Aim of the exercise: Within the records below, find the line containing "Jewellery Bling-bling Gold". Reproduce it and each line after it exactly, and nothing else.
________________________________________
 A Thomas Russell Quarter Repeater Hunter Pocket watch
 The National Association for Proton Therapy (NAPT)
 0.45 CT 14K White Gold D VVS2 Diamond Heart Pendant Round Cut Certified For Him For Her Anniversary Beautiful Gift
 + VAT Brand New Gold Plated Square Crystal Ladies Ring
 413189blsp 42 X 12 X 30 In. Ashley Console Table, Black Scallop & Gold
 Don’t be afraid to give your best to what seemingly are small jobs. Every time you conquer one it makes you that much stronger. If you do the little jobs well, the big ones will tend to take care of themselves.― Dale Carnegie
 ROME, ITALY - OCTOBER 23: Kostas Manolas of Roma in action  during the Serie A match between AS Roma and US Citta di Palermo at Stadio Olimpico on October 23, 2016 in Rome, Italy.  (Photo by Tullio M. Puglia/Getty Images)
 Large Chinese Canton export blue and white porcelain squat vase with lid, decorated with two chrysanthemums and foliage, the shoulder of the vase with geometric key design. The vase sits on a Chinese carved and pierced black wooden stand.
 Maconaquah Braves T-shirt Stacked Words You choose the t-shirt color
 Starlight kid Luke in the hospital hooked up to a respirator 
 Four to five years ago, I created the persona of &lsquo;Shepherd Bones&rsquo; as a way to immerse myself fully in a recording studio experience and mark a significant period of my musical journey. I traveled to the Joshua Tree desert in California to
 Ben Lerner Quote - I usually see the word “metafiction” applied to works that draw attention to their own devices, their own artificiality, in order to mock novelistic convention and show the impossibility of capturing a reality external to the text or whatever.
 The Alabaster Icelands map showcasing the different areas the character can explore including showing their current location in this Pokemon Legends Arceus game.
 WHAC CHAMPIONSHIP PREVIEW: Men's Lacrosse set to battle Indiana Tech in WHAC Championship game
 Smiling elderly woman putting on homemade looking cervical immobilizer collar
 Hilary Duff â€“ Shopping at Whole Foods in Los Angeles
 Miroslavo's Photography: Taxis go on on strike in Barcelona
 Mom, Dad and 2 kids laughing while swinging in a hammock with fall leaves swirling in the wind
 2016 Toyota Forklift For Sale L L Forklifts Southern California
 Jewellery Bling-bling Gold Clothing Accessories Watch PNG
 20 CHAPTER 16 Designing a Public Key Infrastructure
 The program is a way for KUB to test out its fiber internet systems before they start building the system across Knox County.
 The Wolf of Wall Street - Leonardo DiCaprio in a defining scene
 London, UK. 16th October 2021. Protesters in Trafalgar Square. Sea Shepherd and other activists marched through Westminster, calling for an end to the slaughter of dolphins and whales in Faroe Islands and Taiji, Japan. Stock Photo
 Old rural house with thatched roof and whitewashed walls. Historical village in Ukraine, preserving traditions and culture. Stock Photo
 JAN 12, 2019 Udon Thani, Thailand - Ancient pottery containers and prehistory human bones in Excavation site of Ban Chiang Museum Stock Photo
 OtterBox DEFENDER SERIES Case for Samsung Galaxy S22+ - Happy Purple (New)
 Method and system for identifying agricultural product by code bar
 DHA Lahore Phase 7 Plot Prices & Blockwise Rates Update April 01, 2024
________________________________________
Answer for the task:
 Jewellery Bling-bling Gold Clothing Accessories Watch PNG
 20 CHAPTER 16 Designing a Public Key Infrastructure
 The program is a way for KUB to test out its fiber internet systems before they start building the system across Knox County.
 The Wolf of Wall Street - Leonardo DiCaprio in a defining scene
 London, UK. 16th October 2021. Protesters in Trafalgar Square. Sea Shepherd and other activists marched through Westminster, calling for an end to the slaughter of dolphins and whales in Faroe Islands and Taiji, Japan. Stock Photo
 Old rural house with thatched roof and whitewashed walls. Historical village in Ukraine, preserving traditions and culture. Stock Photo
 JAN 12, 2019 Udon Thani, Thailand - Ancient pottery containers and prehistory human bones in Excavation site of Ban Chiang Museum Stock Photo
 OtterBox DEFENDER SERIES Case for Samsung Galaxy S22+ - Happy Purple (New)
 Method and system for identifying agricultural product by code bar
 DHA Lahore Phase 7 Plot Prices & Blockwise Rates Update April 01, 2024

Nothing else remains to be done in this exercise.